AlphaFold2
DeepMind's AlphaFold2 is available on the IFB cluster from the command line by loading either:
- the
alphafold/2.3.2
module for the DeepMind's version - the
massivefold/1.0.0
module for an extended version of AlphaFold with more flags, that allows extensive sampling, and use of all versions of neural network models.
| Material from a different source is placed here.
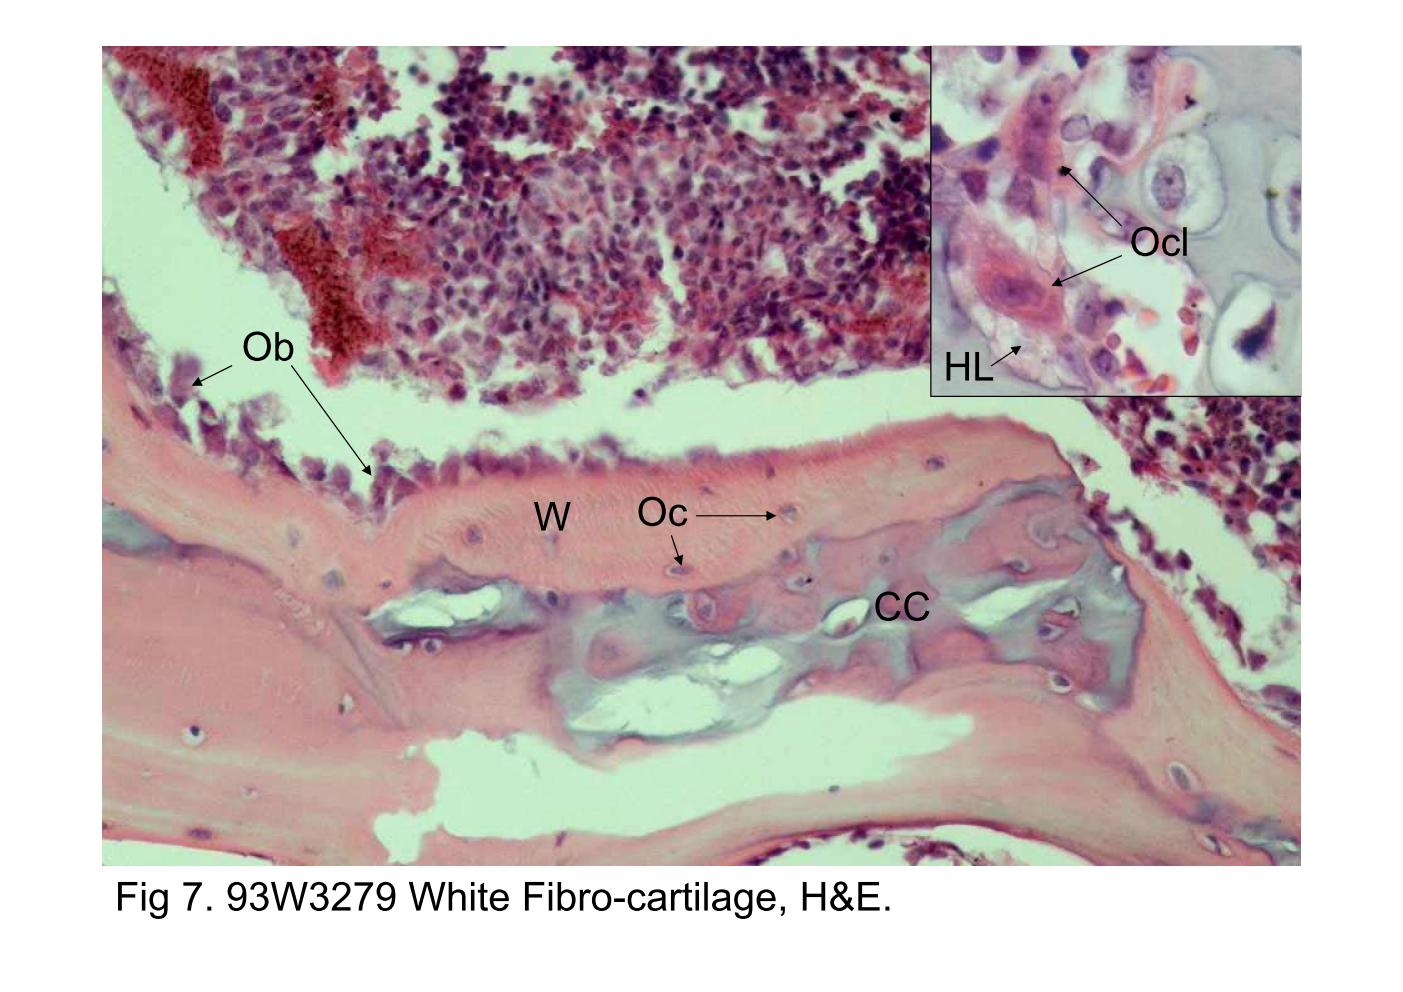 block6-1_17.jpg - Fig 7. 93W3279 White Fibro-cartilage, H&E.The blue-stained spicules of calcified cartilage (CC) aresurrounded by active osteoblasts (Ob) and newly formedwoven bone (W), which is stained pink. The osteocytes (Oc)are embedded in the bone matrix. The inset reveals two large,multinucleated osteoclasts (Ocl) and the underlying absorptivespace, Howship's lacunae (HL), is also identified.

More details here: https://github.com/GBLille/MassiveFold.
AlphaFold can also be used on usegalaxy.fr.
It requires GPU to run its prediction algorithm, which means you have to request access to GPU nodes.
Databases used by AlphaFold are made available on every GPU nodes in /shared/bank/alphafold2
. Several versions
are installed there. The last version of the databases is the current.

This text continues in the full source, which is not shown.